Pour l’Europe, le fait de disposer de ses propres satellites faciliterait grandement le déploiement de troupes d’intervention, le transport des hommes et des munitions.

La dimension militaire de Galileo serait «une question de haute importance», explique-t-on au Bureau de l’intégration. Il reste à savoir si une participation plus marquée au projet remettrait en cause la neutralité helvétique.

Le temps presse

L’appel d’offres concernant les exploitants est terminé. On peut commencer à se faire une idée de la future structure organisationnelle de Galileo.

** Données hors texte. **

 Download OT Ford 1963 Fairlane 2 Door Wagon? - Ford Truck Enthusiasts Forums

En prolongeant la discussion, la Suisse risque de rater le coche. Dès 2006 en effet, au terme de la phase de développement, la direction de Galileo passera à une agence européenne et l’ESA n’aura plus voix au chapitre.

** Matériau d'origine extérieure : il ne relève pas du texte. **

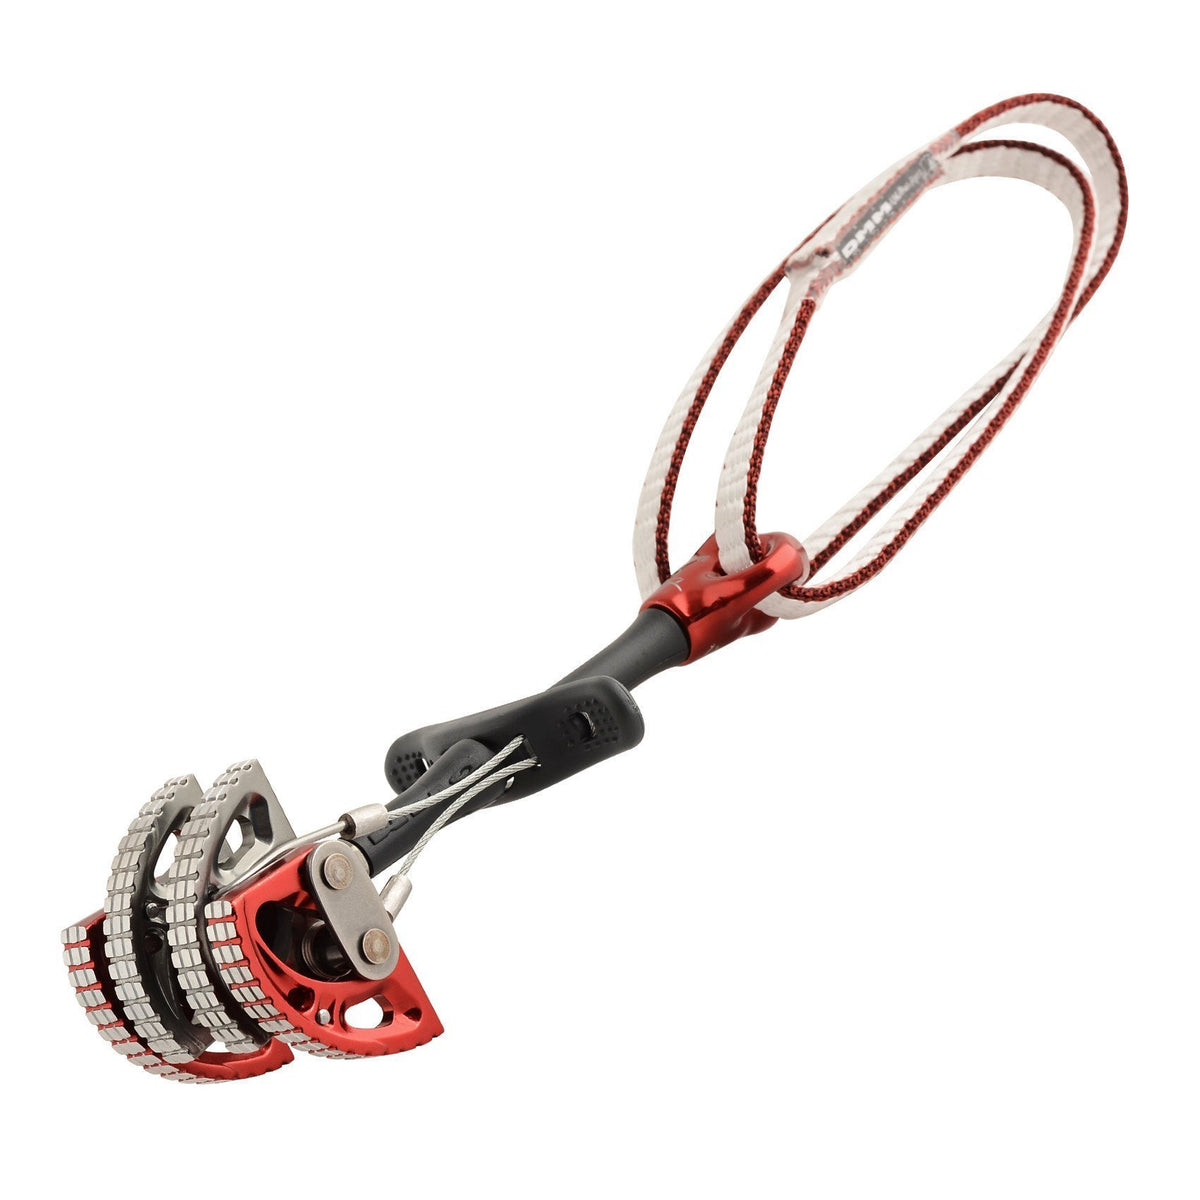 DMM Dragon Cam, Size 3 in red colour

En tant que membre de l’ESA, la Suisse doit donc décider avant cette échéance si elle s’engage à long terme dans le projet ou si elle s’en dégage.

swissinfo, Katrin Holenstein
(Traduction: Isabelle Eichenberger)

Faits

Le projet coûte dans les 3,5 milliards d’euros.
Les coûts de fonctionnement s’élèveront à environ 220 millions d’euros par année dès 2008.
Une étude de l’UE prévoit 1,5 milliard d’utilisateurs et des rentrées de 9 milliards d’euros par an.

Fin de l'infobox

En bref

- Le système de radionavigation Galileo est un projet conjoint de l’UE et de l’Agence spatiale européenne (ESA). Le premier satellite destiné aux tests sera installé en 2005.

- D’ici à 2008, 30 satellites devraient être en orbite, permettant un positionnement au mètre près.

- Galileo devrait engendrer la création de 140'000 emplois et rapporter des milliards.

- Membre de l’ESA, la Suisse participe à la phase initiale avec une contribution de 35 millions de francs.

- Le gouvernement a commandé une étude sur une éventuelle participation à plus long terme de la Suisse à Galileo.